Isabel Hardman Isabel Hardman

Theresa May’s Ronseal politics

Why do Conservative politicians love Ronseal so much? Theresa May tells today’s Sunday Times that the Ronseal slogan – ‘it does what it says on the tin’ – is her ‘political philosophy’. David Cameron spent years talking about Britain’s yearning for ‘a kind of Ronseal politics’, before describing the Coalition government as operating according to the Ronseal principles.

May’s Ronseal branding seems to suit her better: A.N. Wilson describes her in this week’s magazine as ‘patently boring’. Ronseal’s slogan was developed as an acknowledgement that it was competing against fancier brands in a crowded market, which isn’t May’s problem. But she has always styled herself as a woman who gets things done.

Does the Ronseal brand really fit with May’s policies? Today the Tories are trailing manifesto pledges on council house building, while last week they promised more mental healthcare workers.

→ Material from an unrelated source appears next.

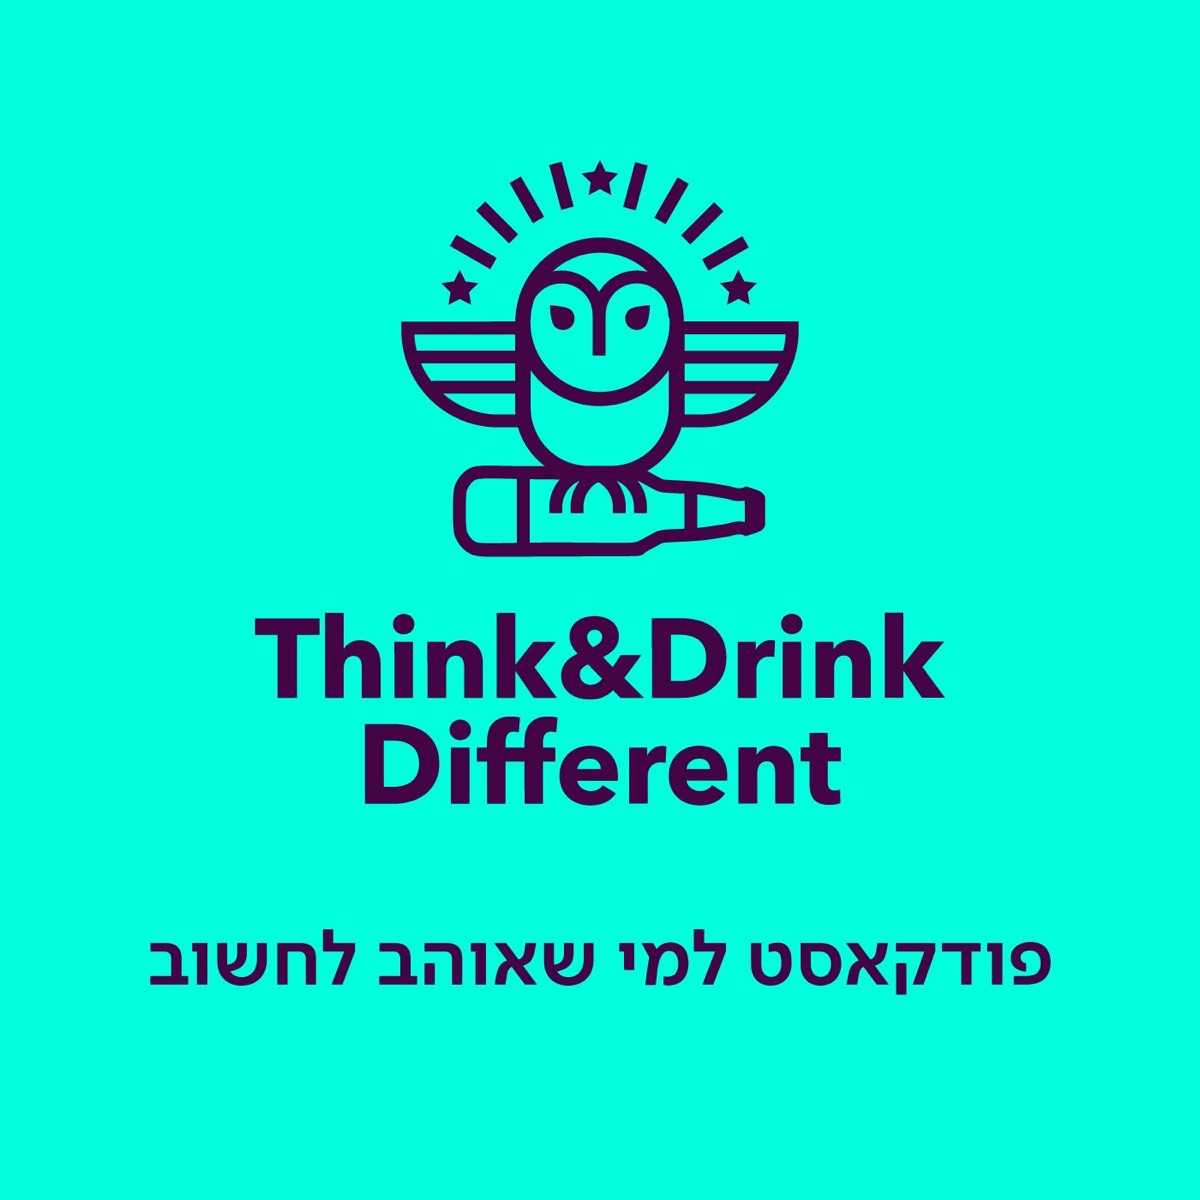 Think&Drink Different: פודקאסט למי שאוהב לחשוב

Housing and mental health enjoy the same rather miserable status as being issues that everyone has got rather good at describing as ‘in crisis’, before proposing modest solutions that won’t come anywhere near solving that crisis – and which they don’t implement anyway.

One of the things that has most frustrated May’s Cabinet ministers has been the way she curbs their enthusiasm for radical policies. Her allies say this is because she wants to promise things that will actually happen and that she has had such difficult parliamentary arithmetic that proposals must necessarily be modest. But after a Tory landslide, she’ll have a tremendous opportunity to be radical. She could even choose to be unpopular, pushing ahead with controversial plans to actually build enough homes rather than suggesting more homes need to be built, only to retreat at the first sign of opposition from shire Tories.

It’s a clever slogan, but Ronseal risks being as politically meaningless as all the other, rather clumsier political catchphrases, such as Nick Clegg’s terrible ‘Alarm Clock Britain’. That is, unless May is prepared to make the most of the luxuries that her election result is likely to afford her.